On May 27, 1867, the Dorset VRC Battalion, along with battalions from Hampshire, Somerset, Wiltshire, and Gloucestershire participated in a Grand Review on Salisbury Plain. The Volunteers paraded through the town and were inspected on the fields, before celebrating with a great feast and dance.
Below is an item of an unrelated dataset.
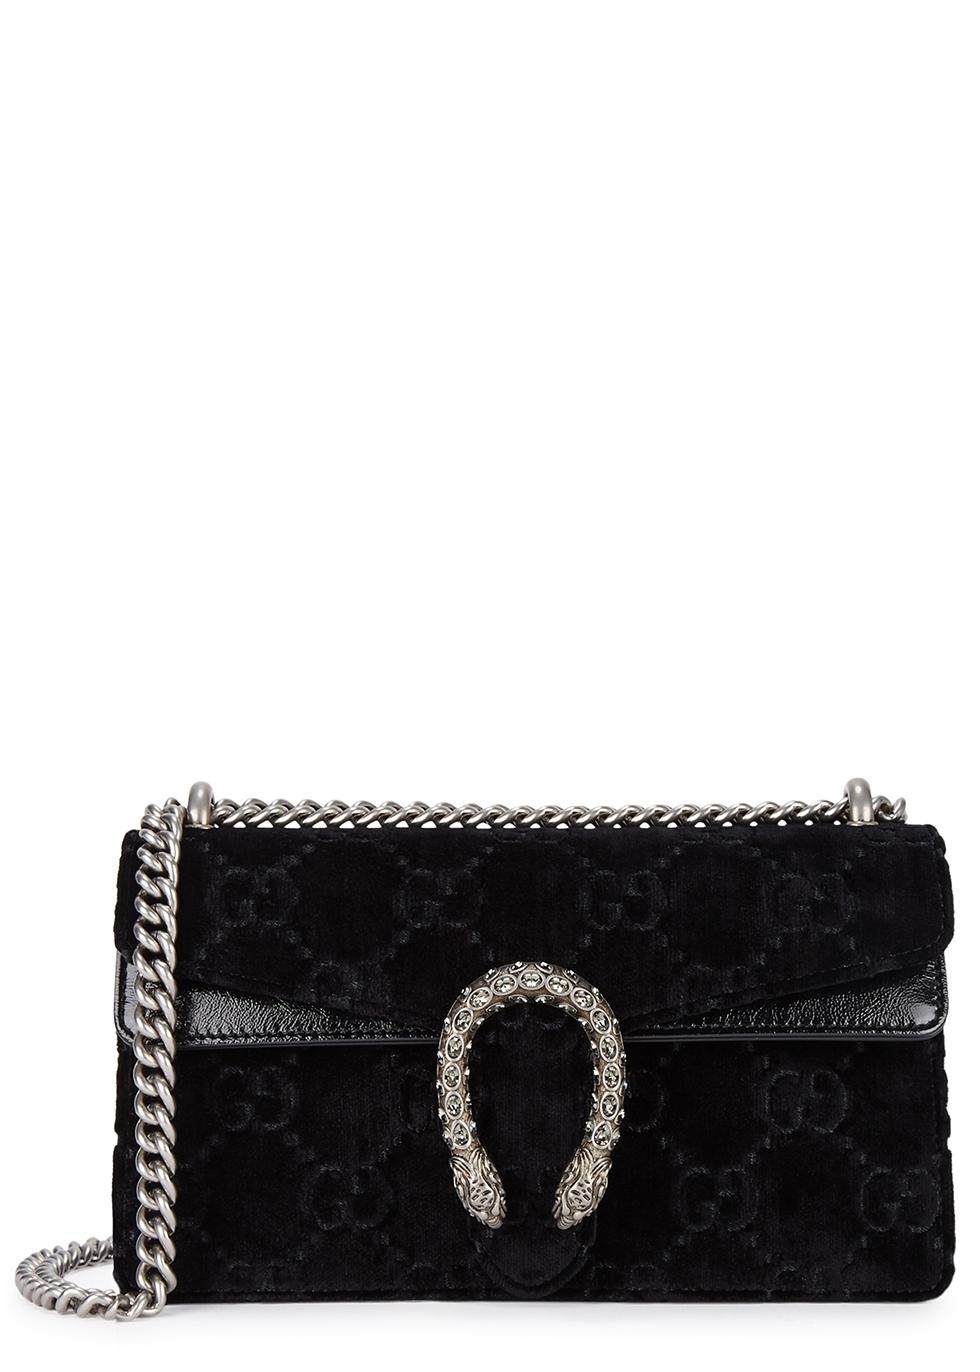 ad4243fd03e Gucci Bags - Womens - Harvey Nichols

The Dorset VRC, along with other VRC Battalions, participated annually in the NRA competitions at Wimbledon, shooting for the Queen's Prize. In June 1867, the Dorset VRC held a shooting match to determine which volunteers would represent the battalion at Wimbledon. 25 volunteers were eventually chosen, and drawn from the 12th, 5th, 2nd, 9th, 7th, 8th, 1st, 3rd, 6th, and 11th companies. The top five shooters at the match were:
- 1st: Lt. Johns (8th Blandford) - 64 points
- 2nd: Pte. Hibbs (6th Wimborne) - 60 points
- 3rd: Pte. Groves (8th Blandford) - 60 points
- 4th: Pte. H. Harris (12th Stalbridge) - 58 points
- 5th: Pte. Elmes (8th Blandford) - 57 points

In September 1867, Weymouth was chosen as the drill and parade grounds for the Dorset Rifle Battalion, and the village was festooned for the arrival of the volunteers. All twelve companies, 750 men in total, arrived at Weymouth Station and were formed up into ranks, marching down King Street towards the town centre. The Dorset Battalion was treated to a luncheon before marching to Lodmoor for parade exercises and a review. The volunteers participated in a "sham-battle" against a force from the Regular Army, conduction battle formations and maneuvers. The day was ended with another feast and band demonstration.

==Amalgamation==
In 1872, the rifle volunteers were placed under the direct command of the Secretary of State for War, and were integrated with the local regular army units. With the passing of the 1881 Childers Reforms, the volunteer corps were absorbed by their county regiment as volunteer battalions, and thus the Dorset Volunteer Rifle Battalion became the 3rd Volunteer Battalion, Dorset Regiment.

Lord Chelmsford served as an officer in the 1st (Volunteer) Battalion, Dorsetshire Regiment in the early 1900s.